The problem with the notion that the US government might embrace the “WikiLeaks phenomenon” is it flies in the face of the traditional attitude of government toward American society. Government officials, military spokesmen, corporate executives, and think tank intellectuals need secrecy to conduct the affairs of imperial and global politics. They need their day-to-day dealings to be kept from the public so they are not bothered by the citizenry or populist politics, which might force them to divert from whatever grand plan they have for the world.
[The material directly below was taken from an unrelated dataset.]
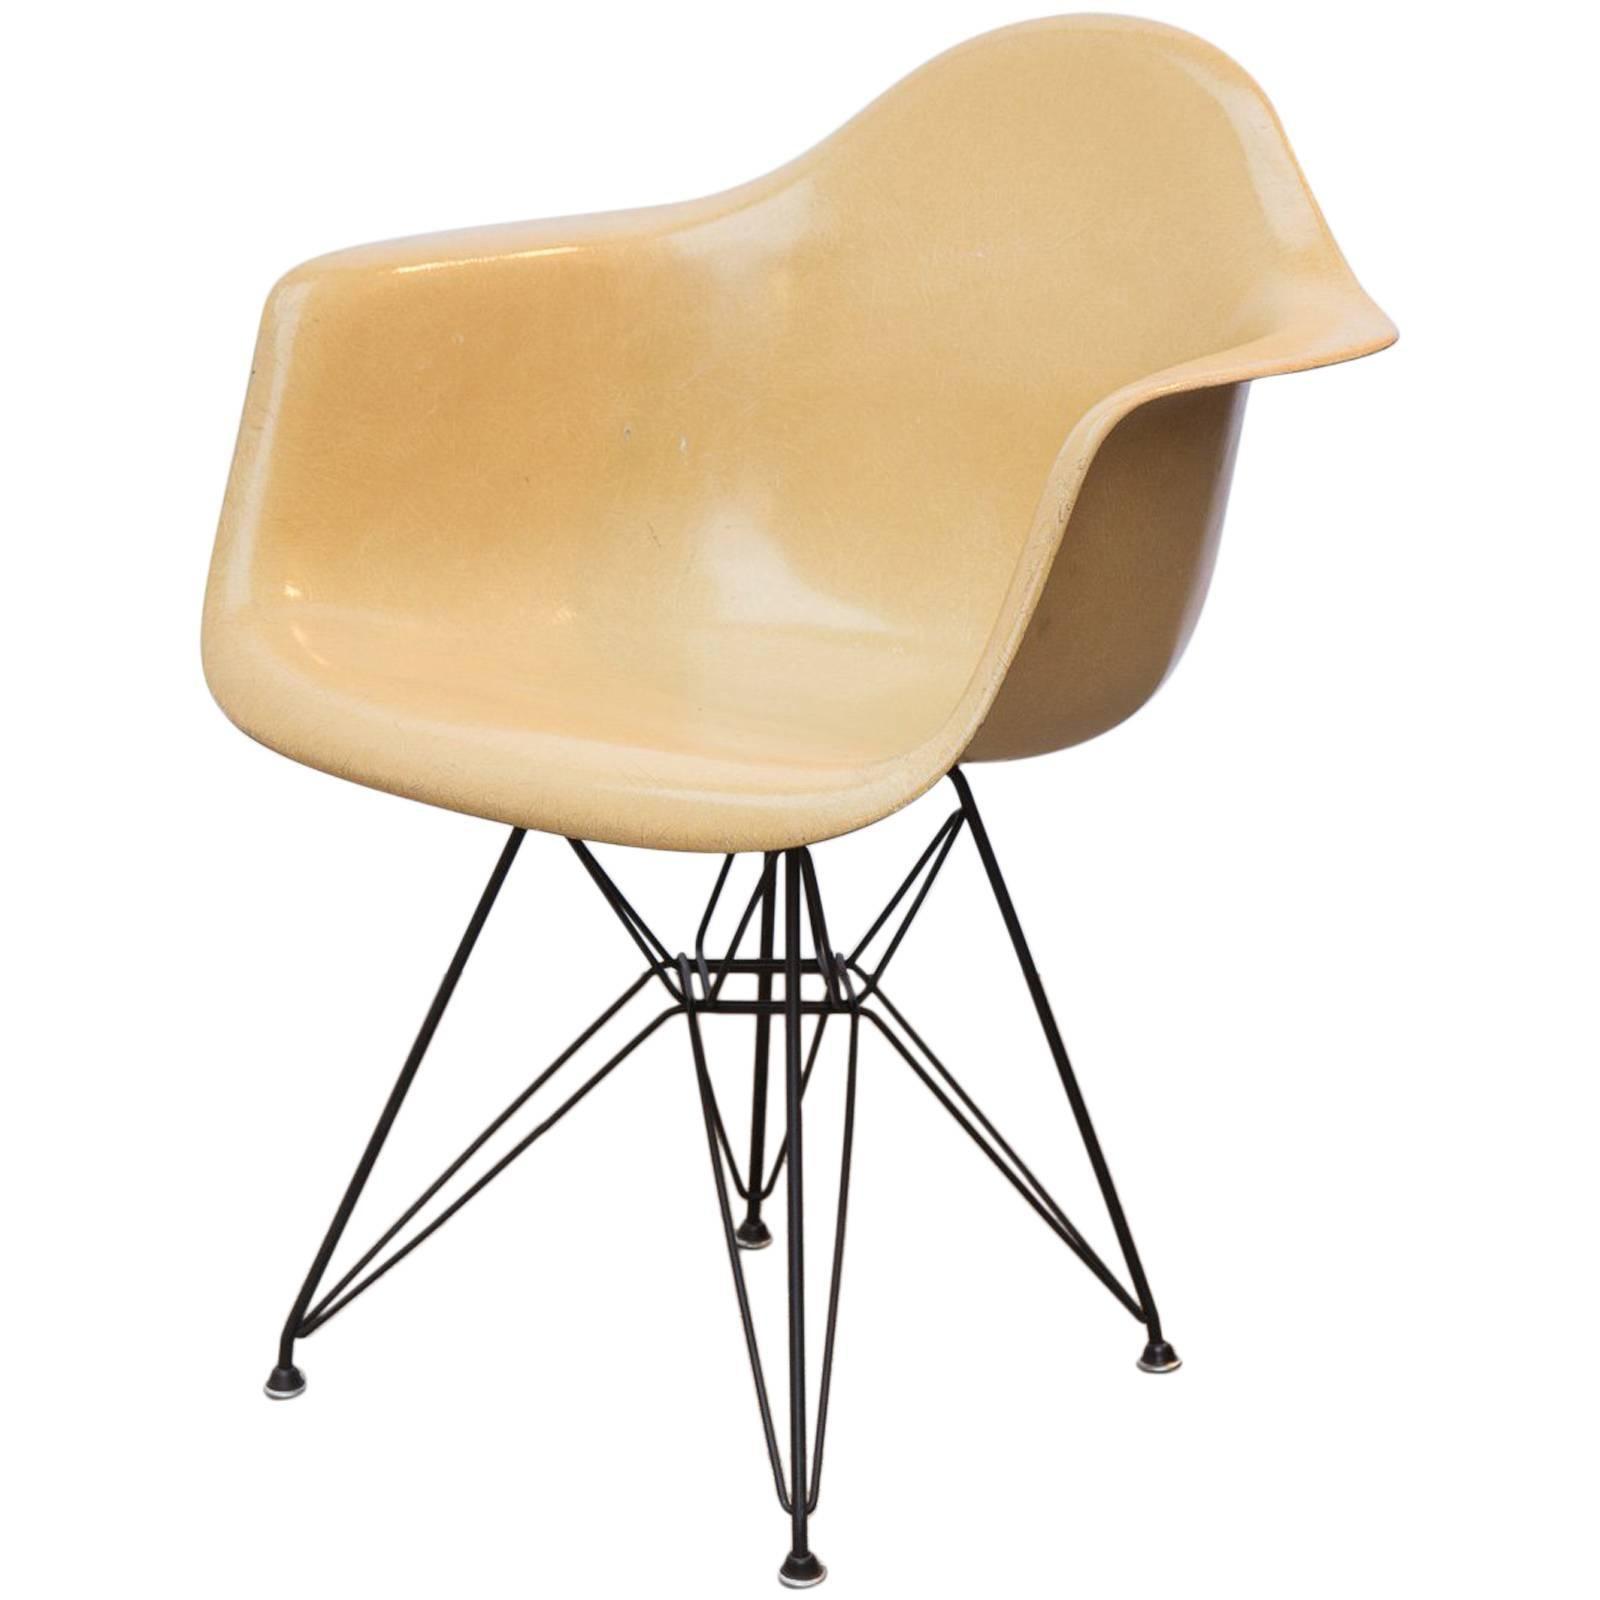 Eames for Herman Miller DAR Fiberglass Armchair in Yellow

The ACLU report concludes that secrets now hold value for a shorter period of time. It cites a 1970 Defense Department study, which found “classified scientific and technological information could only be expected to be kept secret for a few years—with one year being the most “reasonable” assumption.” This study concluded, “More might be gained than lost if our nation were to adopt… a policy of complete openness in all areas of information.” But, presidential administrations since 1970 have made a conscious choice, despite recommendations from the Coolidge Committee in 1956 and the Moynihan Commission in 1997 and studies like the 1970 DoD study, to not address the problem of excessive secrecy in government.
The result is a world where organizations like WikiLeaks thrive and ad-hoc, underground and loosely defined organizations like Anonymous flourish. The US government cannot escape this growing trend of openness. The US government will either open government up and become a society that upholds the same values of free society that WikiLeaks trumpets or the US government will further clampdown on flow of information, effectively ensuring the service WikiLeaks provides to the world is vital and that it, in cooperation with various media partners, continues to evolve as a media organization.